▶ DATA
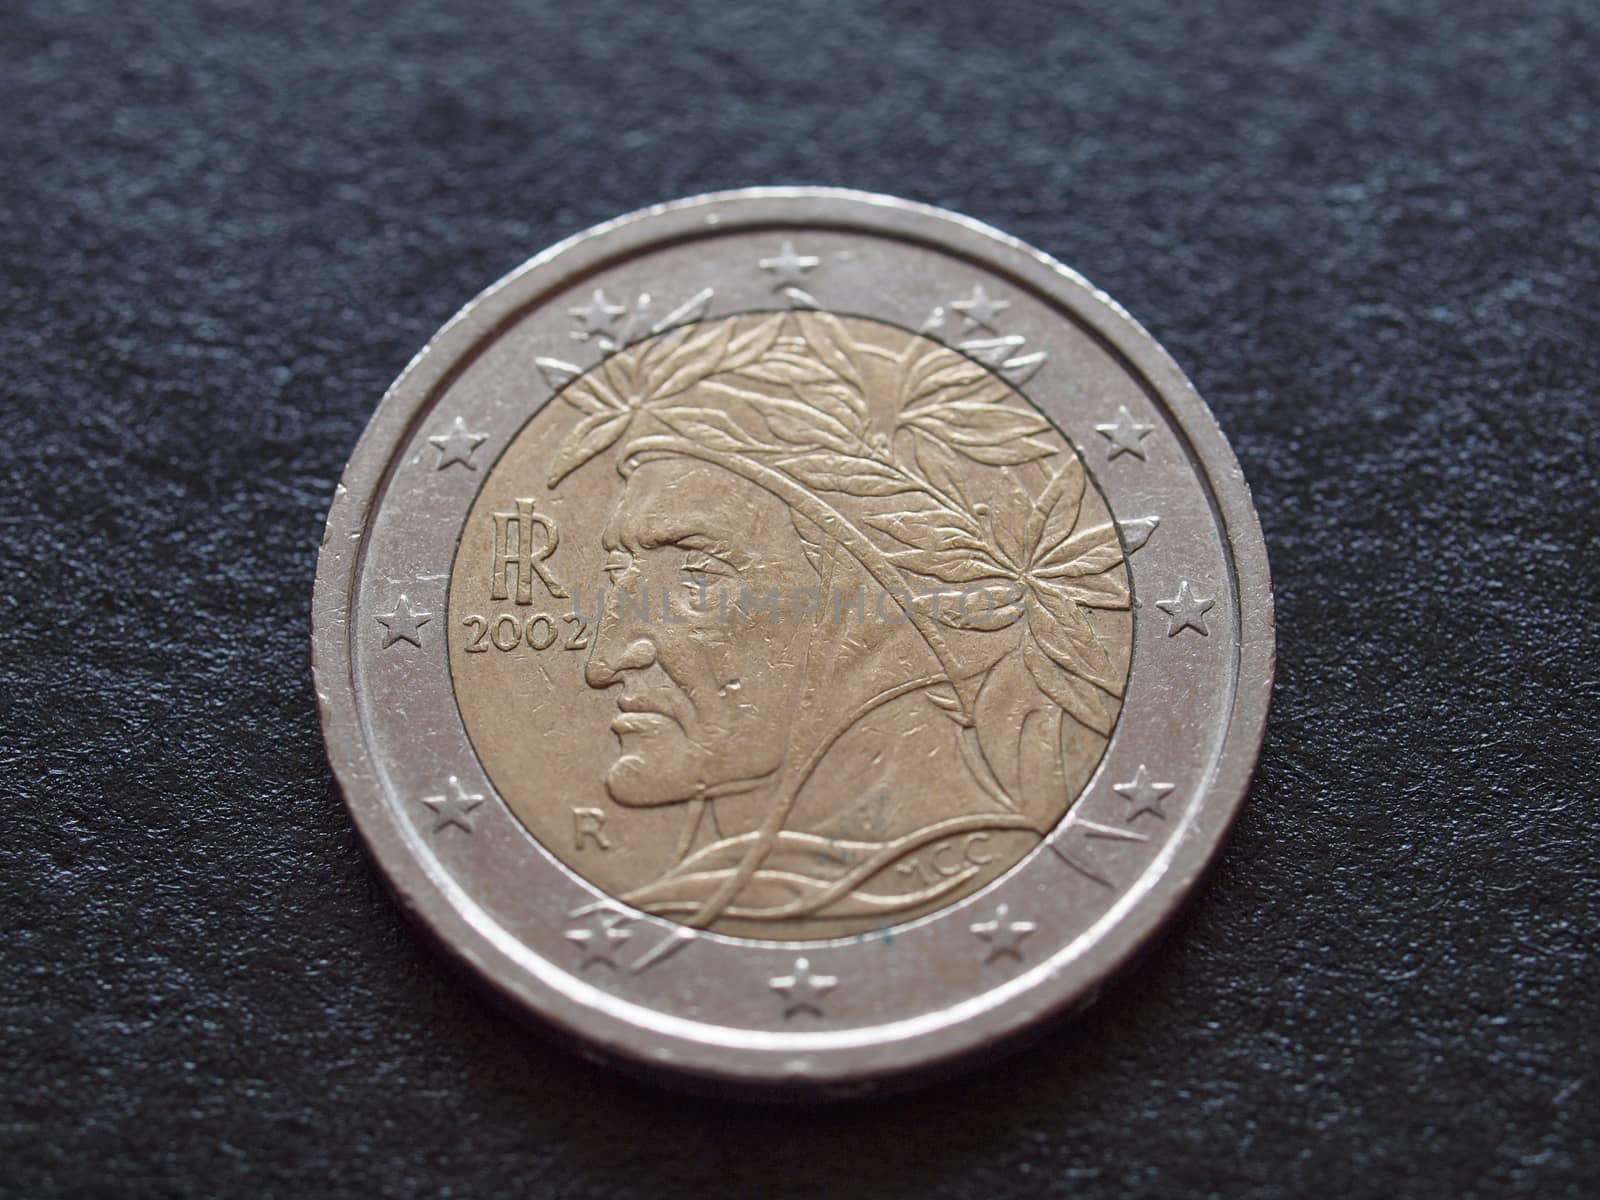 Dante Alighieri EUR coin by paolo77
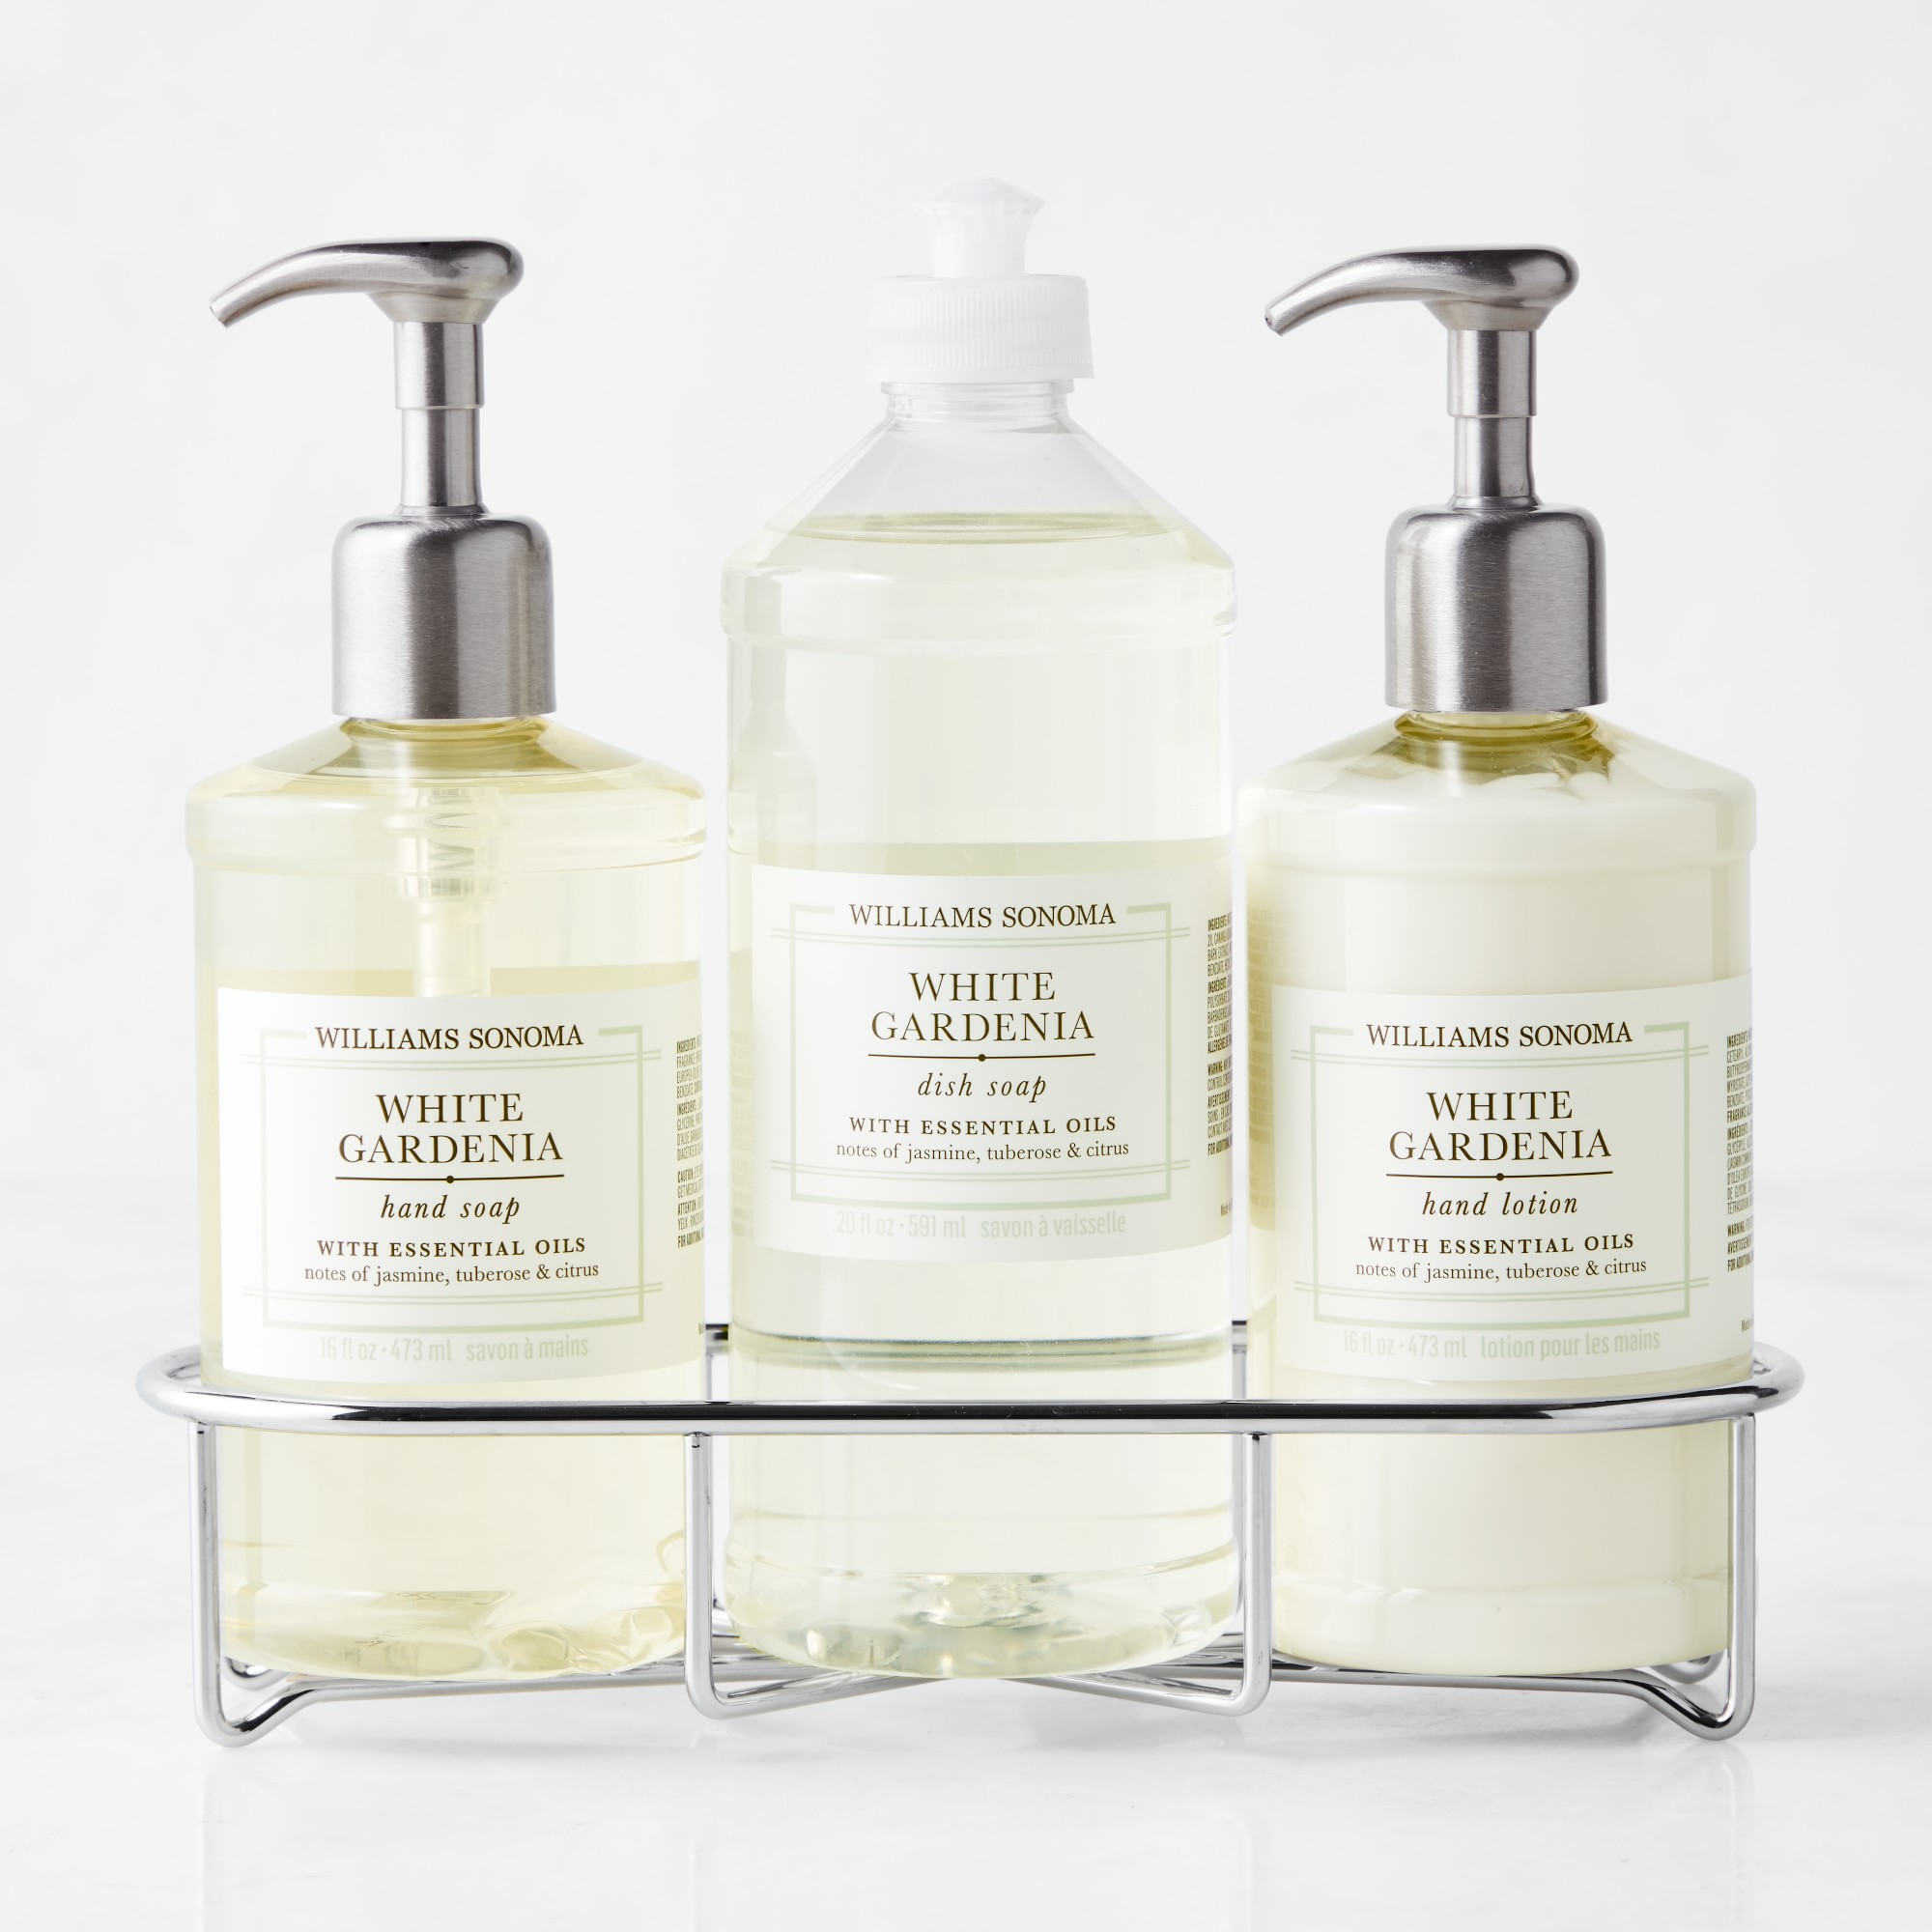 Williams Sonoma White Gardenia Hand Soap, Dish Soap & Lotion 4-Piece Kitchen Set
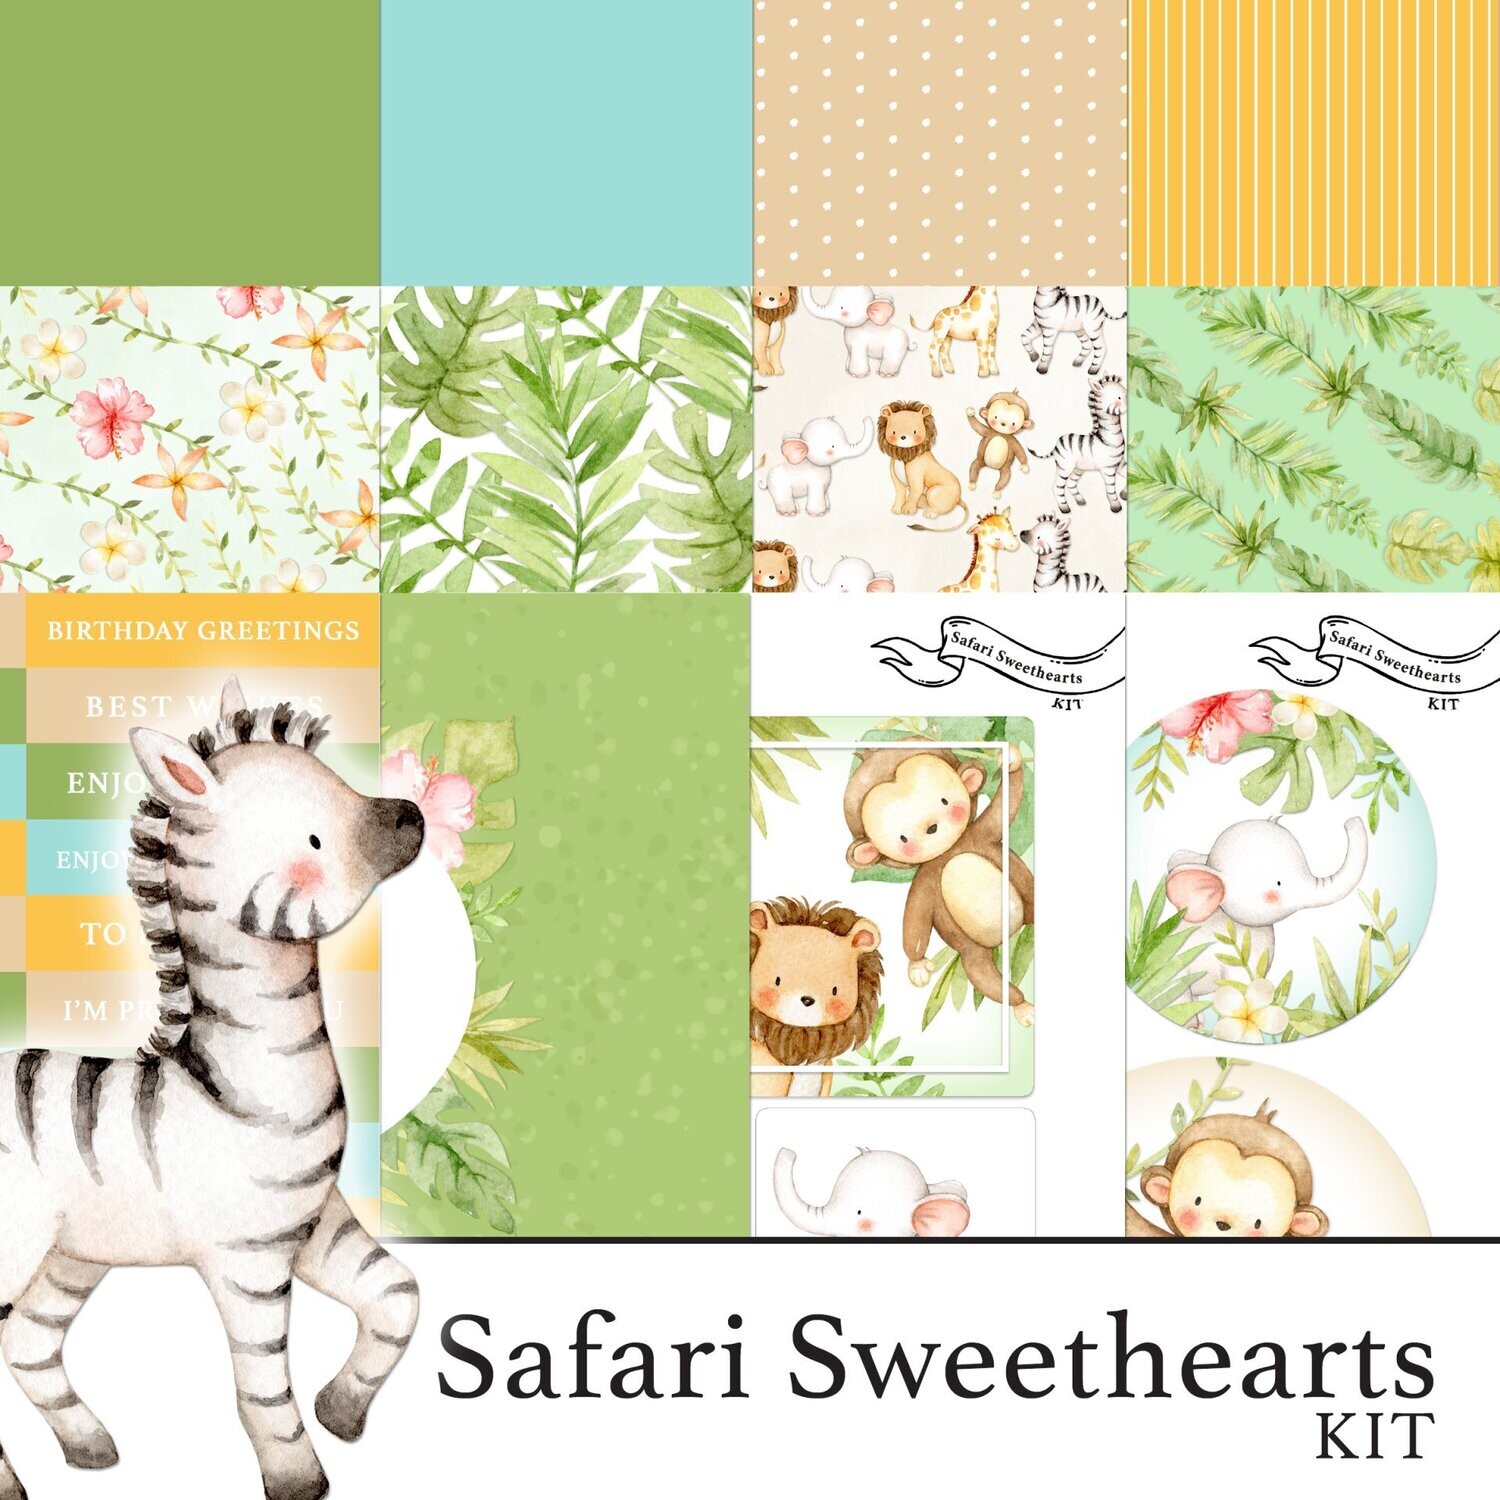 Safari Sweethearts Kit

▶ TASK OBJECTIVE
Before copying the material, set its pictures aside; then transcribe it word for word.

▶ FINAL ANSWER
 Dante Alighieri EUR coin by paolo77
 Williams Sonoma White Gardenia Hand Soap, Dish Soap & Lotion 4-Piece Kitchen Set
 Safari Sweethearts Kit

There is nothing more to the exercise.